● About this exercise:
When you write out the listing, keep every word as it stands and drop the pictures.

● Data shown:
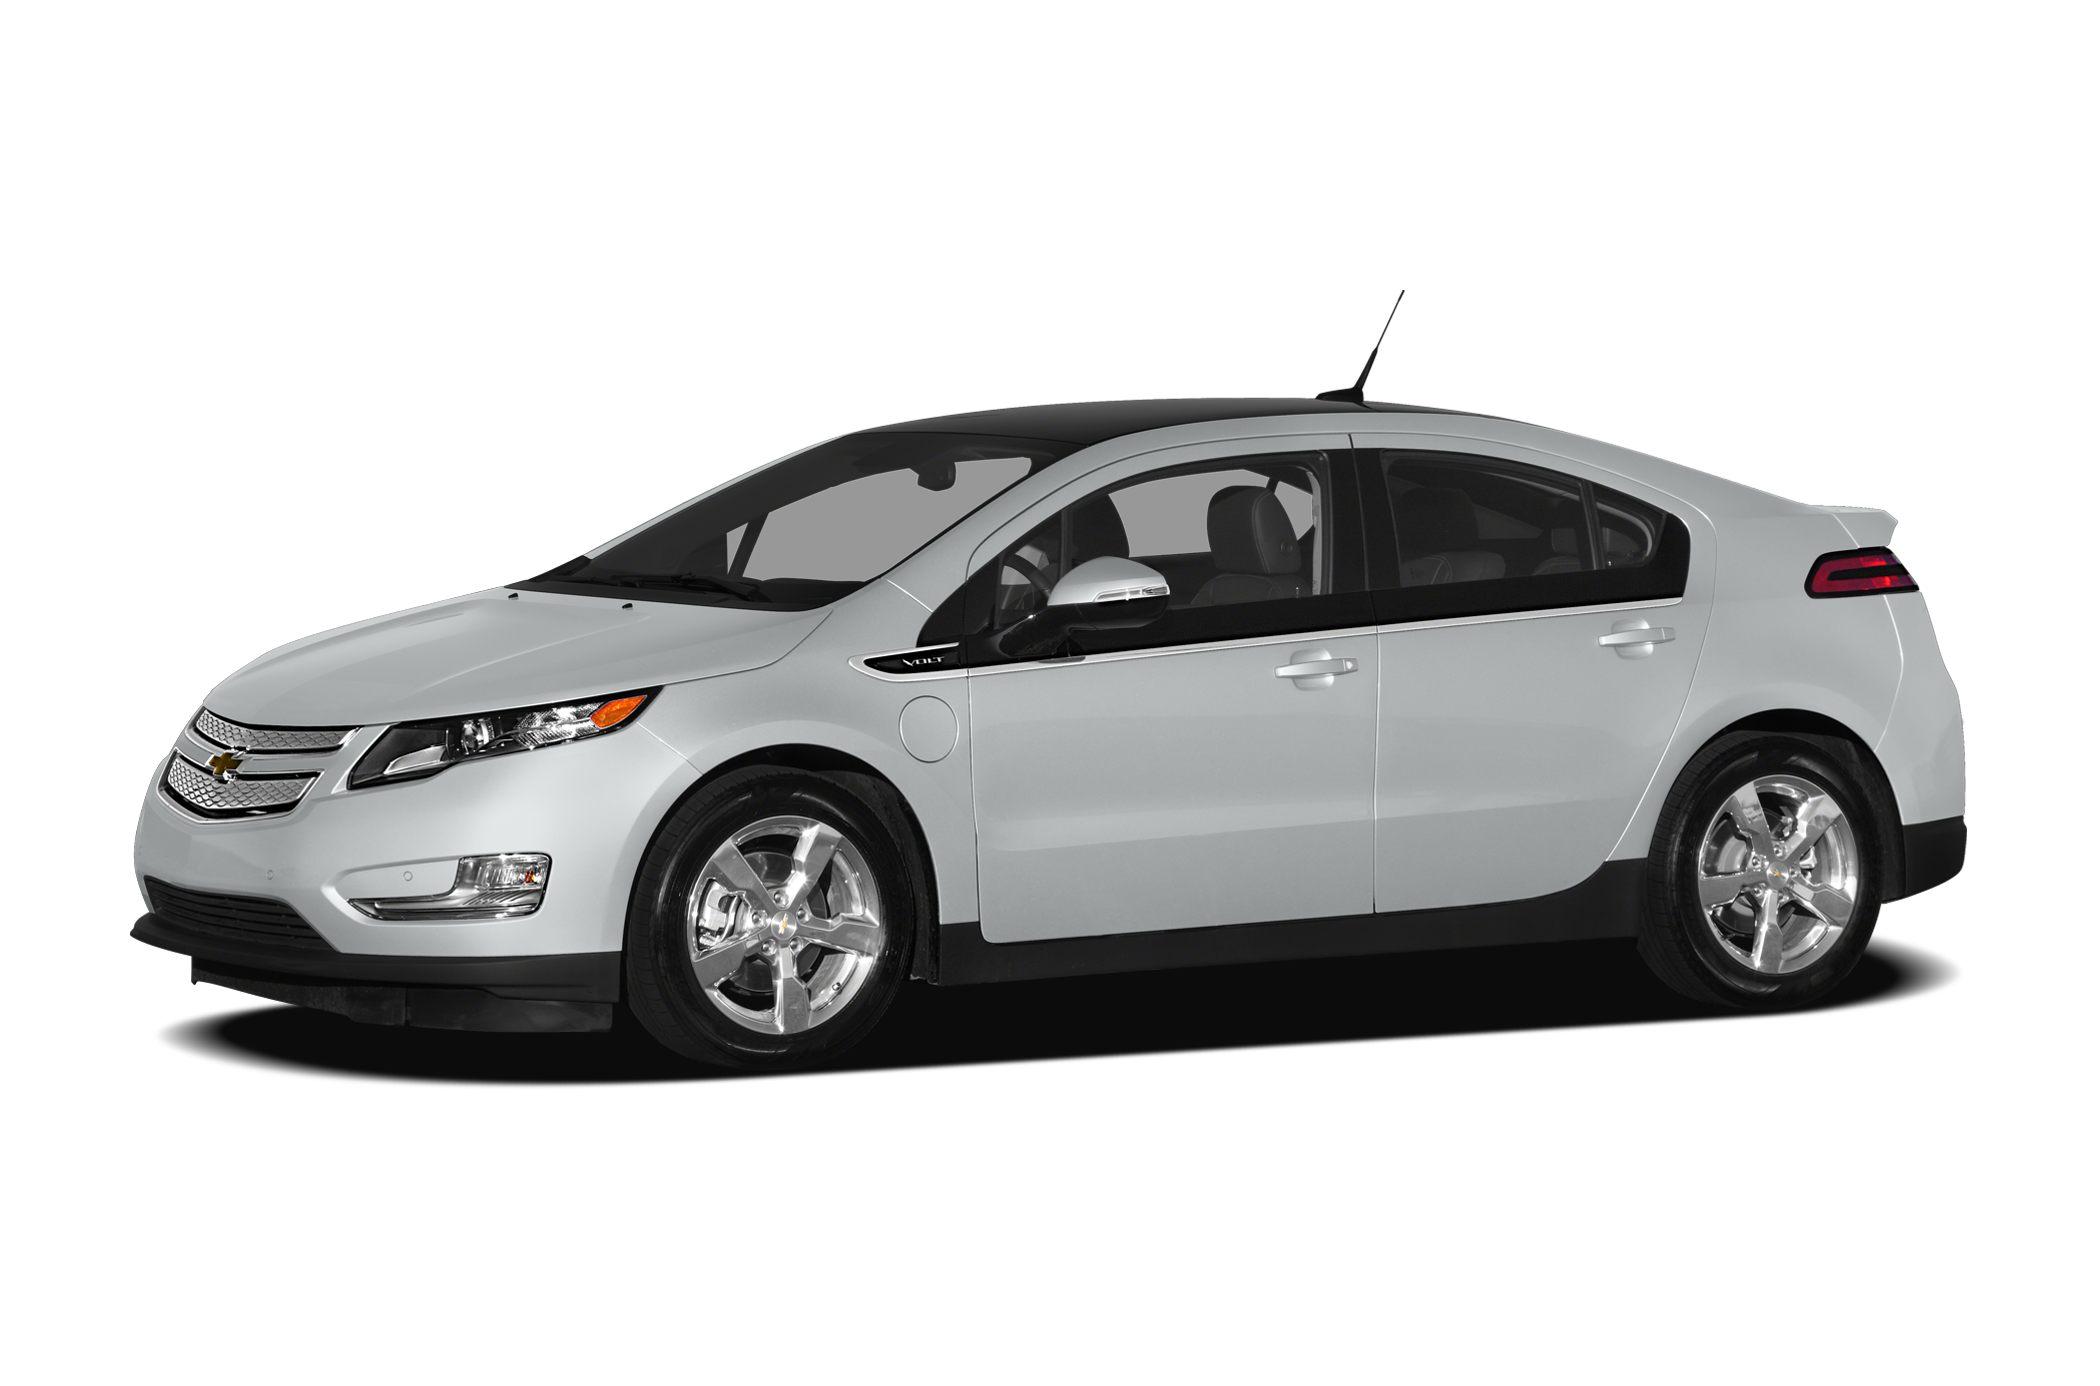 2012 Chevrolet Volt Base Hatchback for sale in Alhambra for $19,995 with 31,910 miles
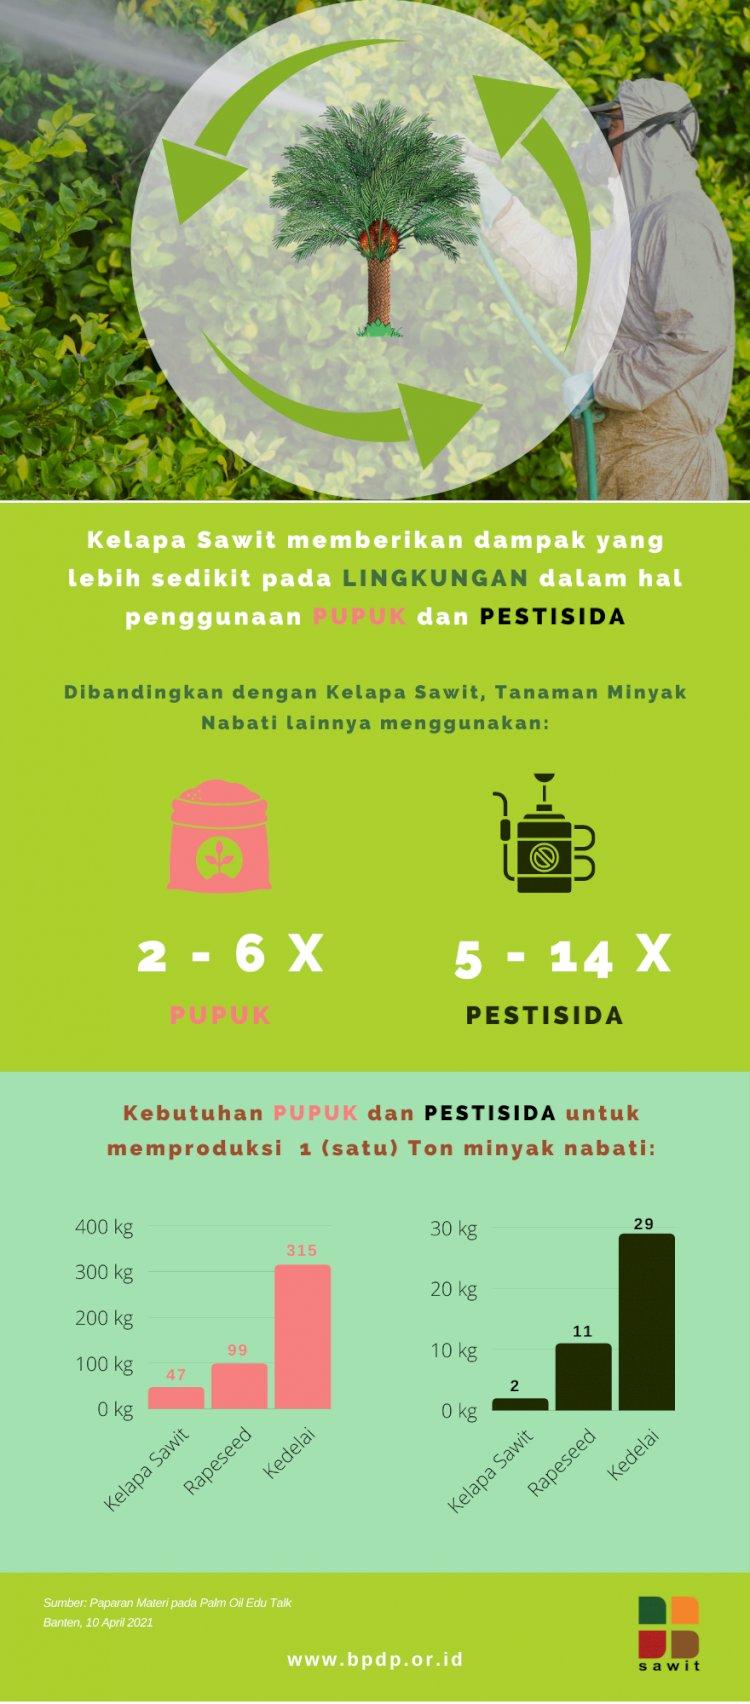 Efisien Gunakan Pupuk dan Pestisida, Kelapa Sawit Lebih Ramah Lingkungan Dibandingkan Tanaman Minyak Nabati Lainnya
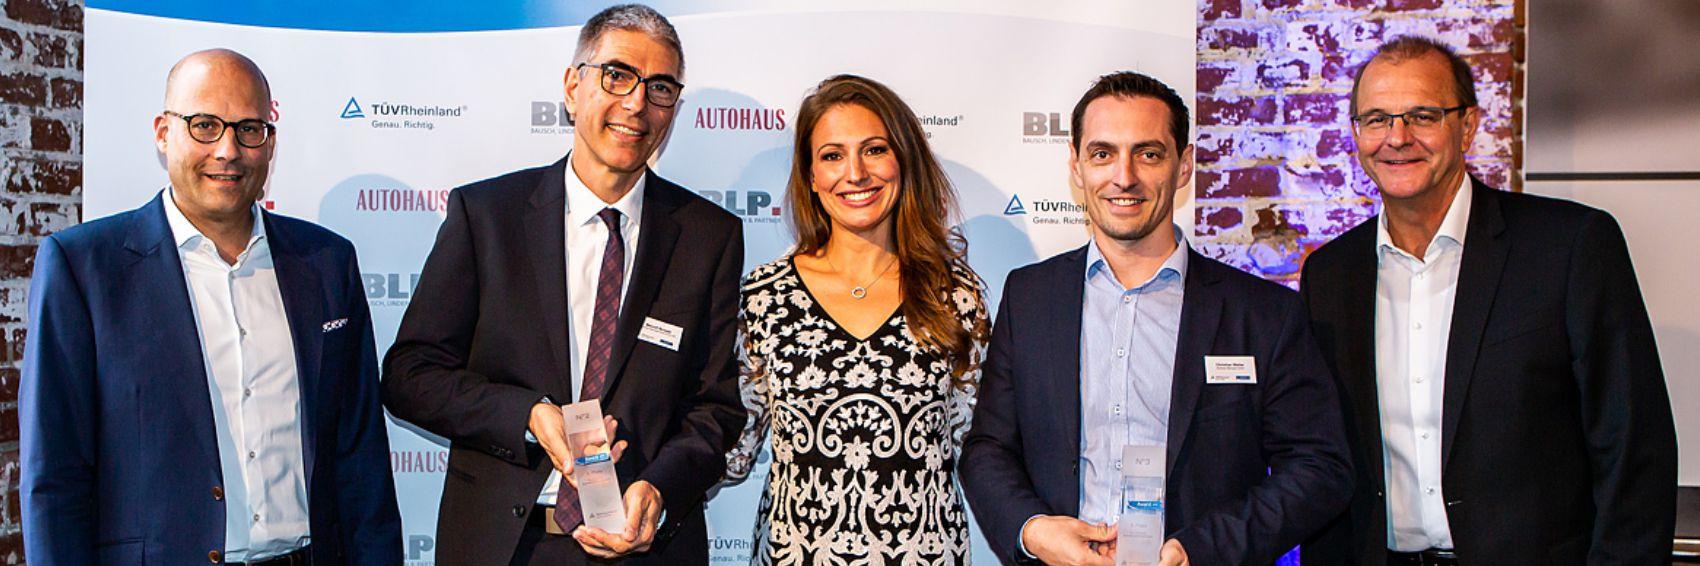 TÜV Rheinland Award Kundenzufriedenheit 2019

● Exercise solution:
 2012 Chevrolet Volt Base Hatchback for sale in Alhambra for $19,995 with 31,910 miles
 Efisien Gunakan Pupuk dan Pestisida, Kelapa Sawit Lebih Ramah Lingkungan Dibandingkan Tanaman Minyak Nabati Lainnya
 TÜV Rheinland Award Kundenzufriedenheit 2019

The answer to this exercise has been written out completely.